Source of nonlinearity

Theoretically, the nonlinearity varies with the Brewster plate’s position in the resonator. The scientists previously used this effect to tune the pulse duration of other soliton mode-locked lasers. But in initial experiments with this 12.2-m-long, high-pulse-energy laser, they observed a pulse duration relatively independent of the Brewster plate’s position. This observation provided the clue they needed to identify the unexplained instability.

If the nonlinearity introduced by the Brewster plate had only a modest effect on pulse duration, they reasoned, there must be another nonlinearity source in the resonator. Air in the intracavity beam path was the most likely culprit. Thus, they placed a box over the laser, flooded it with helium and — as they had hoped — the instability disappeared.
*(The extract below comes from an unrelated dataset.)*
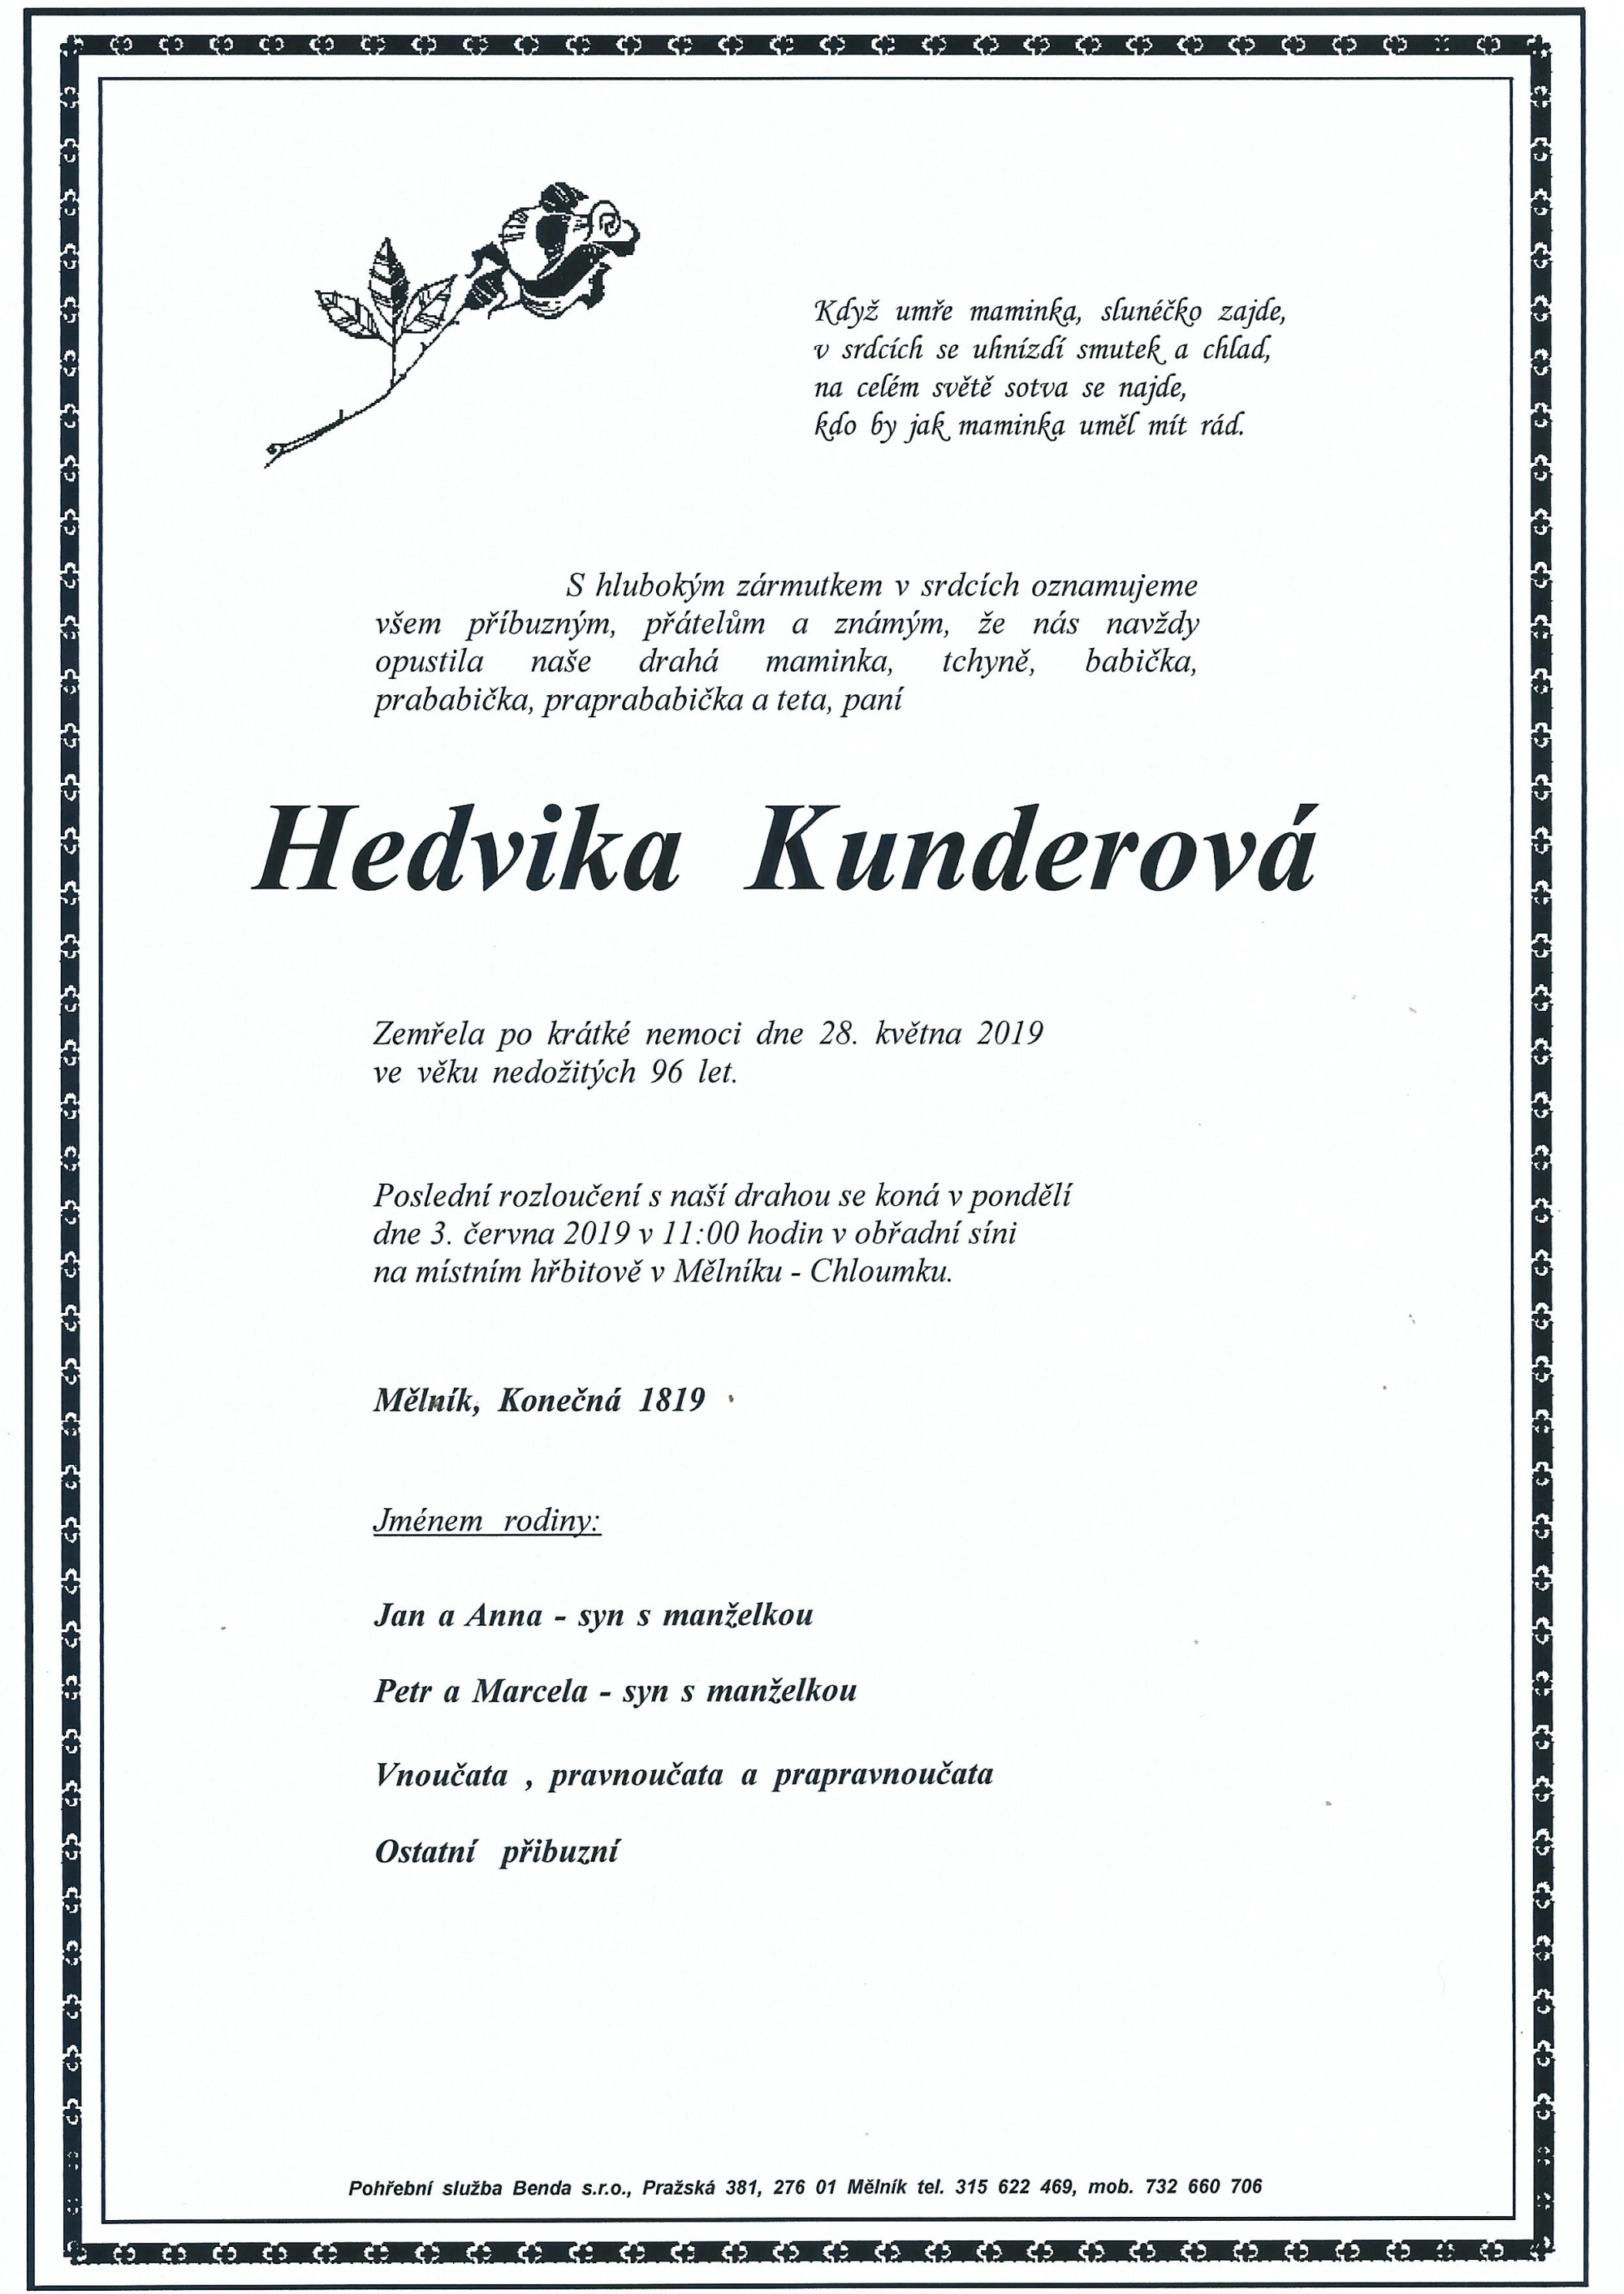 Hedvika Kunderová

When operating the laser shown in Figure 1 in a helium environment, the scientists obtained up to 63 W of average power, which was limited by the available pump power. The laser produced an 800-fs pulse with a 1.59-nm spectral bandwidth centered at 1030 nm. Pulse energies reached 5.1 μJ, corresponding to a peak power of 5.6 MW, and the M2 parameter of the output beam was 1.1.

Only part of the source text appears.